Reading from Kafka

!!! warning "Experimental"

This connector is experimental and the API may change in future releases. Current limitations:

- **Bounded batch reads only** — no streaming or unbounded mode
- **No offset commit management** — consumer group offsets are not committed
- **No write support** — Daft cannot produce messages to Kafka

Apache Kafka is a distributed event streaming platform.
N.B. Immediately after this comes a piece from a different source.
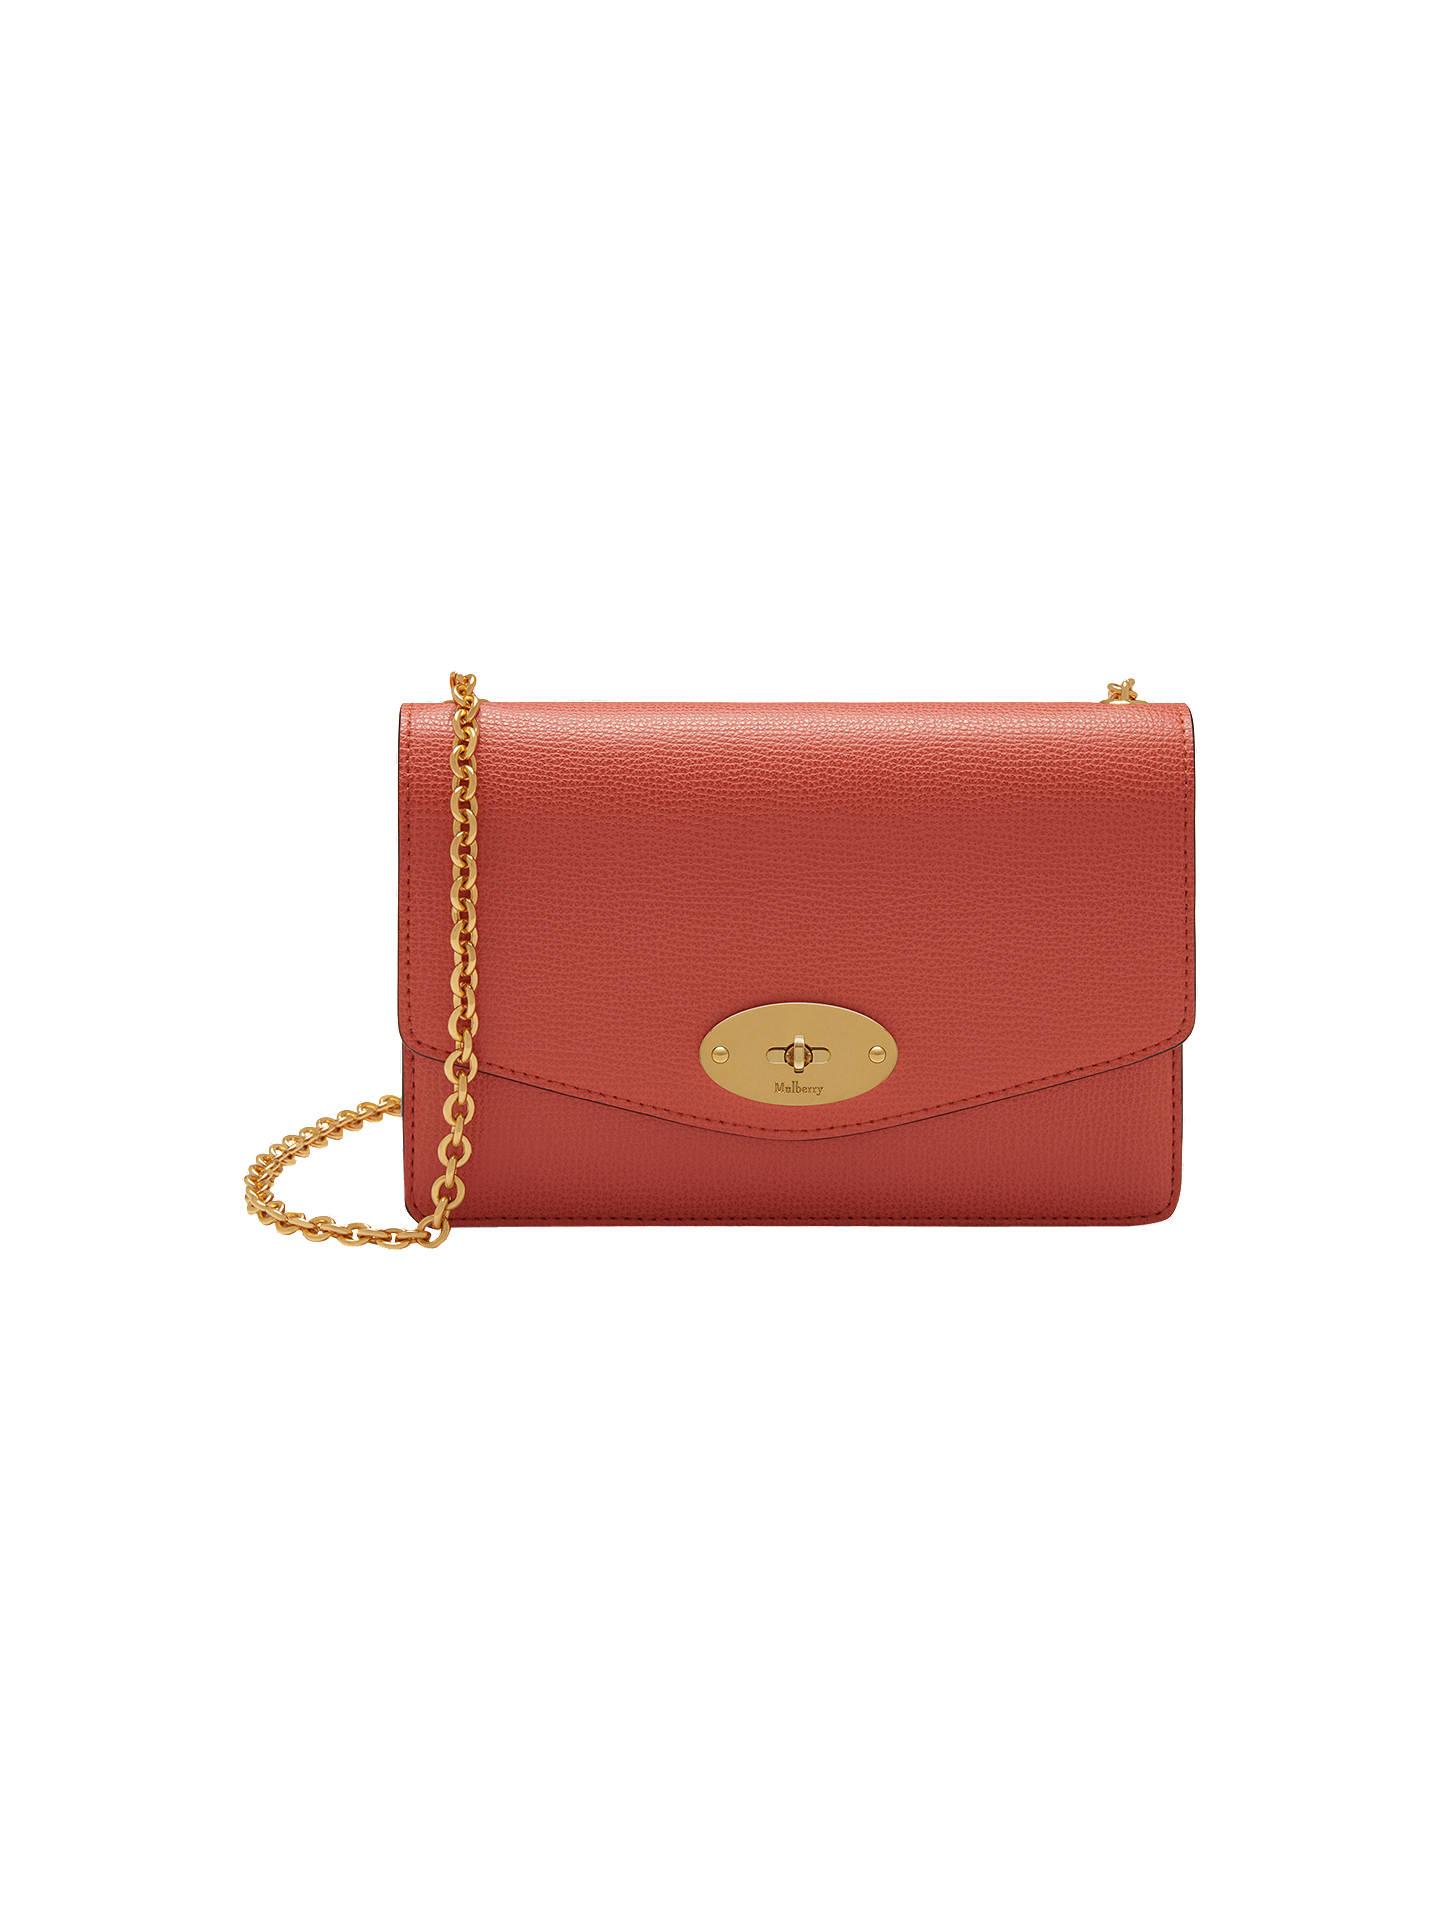 Mulberry Darley Small Grain Leather Cross Body Bag at John Lewis ... b5e053ac4ba4b

Daft can read bounded ranges of messages from Kafka topics into DataFrames using [daft.read_kafka()][daft.io.read_kafka].

Daft currently supports:

Bounded batch reads: Read a fixed range of messages defined by offsets, timestamps, or earliest/latest markers
Multi-topic reads: Read from one or more topics in a single call
Partition filtering: Read from specific partitions within a topic
Flexible bounds: Specify start/end using "earliest"/"latest", timestamps (datetime, ISO-8601, or epoch ms), or explicit per-partition offset maps
Limit pushdown: Use .limit(N) to stop reading early once enough rows are collected

Installing Daft with Kafka Support

Daft integrates with Kafka through the confluent-kafka package:

bash

pip install -U "daft[kafka]"

Or install the dependency manually:

bash

pip install confluent-kafka

Output Schema

Every read_kafka call returns a DataFrame with the following fixed schema:

Column	Type	Description
`topic`	`string`	The topic the message was read from
`partition`	`int32`	The partition ID within the topic
`offset`	`int64`	The offset of the message within the partition
`timestamp_ms`	`int64`	Message timestamp in milliseconds (null if unavailable)
`key`	`binary`	The message key as raw bytes (null if not present)
`value`	`binary`	The message value as raw bytes

Reading Messages

Basic Usage

Read all messages from a topic (earliest to latest):

=== "🐍 Python"

```python
import daft

df = daft.read_kafka(bootstrap_servers="localhost:9092", topics="my-topic")
df.show()
```

Timestamp Bounds

Read messages within a time range:

=== "🐍 Python"

```python
import daft
from datetime import datetime, timezone

start = datetime(2024, 1, 1, tzinfo=timezone.utc)
end = datetime(2024, 1, 2, tzinfo=timezone.utc)

df = daft.read_kafka(
    bootstrap_servers="localhost:9092",
    topics="my-topic",
    start=start,
    end=end,
)
```

You can also use ISO-8601 strings or epoch milliseconds:

=== "🐍 Python"

```python
df = daft.read_kafka(
    bootstrap_servers="localhost:9092",
    topics="my-topic",
    start="2024-01-01T00:00:00Z",
    end=1704153600000,  # epoch ms
)
```

Offset Bounds

Read a specific offset range from a partition:

=== "🐍 Python"

```python
df = daft.read_kafka(
    bootstrap_servers="localhost:9092",
    topics="my-topic",
    start={0: 100},   # partition 0, offset 100
    end={0: 200},     # partition 0, offset 200 (exclusive)
)
```

Partition Filtering

Read only from specific partitions:

=== "🐍 Python"

```python
df = daft.read_kafka(
    bootstrap_servers="localhost:9092",
    topics="my-topic",
    partitions=[0, 2],
)
```

Multiple Topics

Read from multiple topics at once:

=== "🐍 Python"

```python
df = daft.read_kafka(
    bootstrap_servers="localhost:9092",
    topics=["topic-a", "topic-b"],
)
```

With per-topic offset maps:

=== "🐍 Python"

```python
df = daft.read_kafka(
    bootstrap_servers="localhost:9092",
    topics=["topic-a", "topic-b"],
    start={"topic-a": {0: 100}, "topic-b": {0: 50}},
    end="latest",
)
```

Using Limit

Stop reading early once enough rows are collected:

=== "🐍 Python"

```python
df = daft.read_kafka(bootstrap_servers="localhost:9092", topics="my-topic").limit(1000)
df.show()
```

Kafka Client Configuration

Pass additional librdkafka configuration options via kafka_client_config:

=== "🐍 Python"

```python
df = daft.read_kafka(
    bootstrap_servers="localhost:9092",
    topics="my-topic",
    kafka_client_config={
        "security.protocol": "SASL_SSL",
        "sasl.mechanism": "PLAIN",
        "sasl.username": "my-api-key",
        "sasl.password": "my-api-secret",
    },
)
```

!!! note

The following keys are managed internally and cannot be overridden via `kafka_client_config`:
`bootstrap.servers`, `group.id`, `enable.auto.commit`, `enable.auto.offset.store`.
These are configured through the dedicated `bootstrap_servers` and `group_id` parameters of `read_kafka()` instead.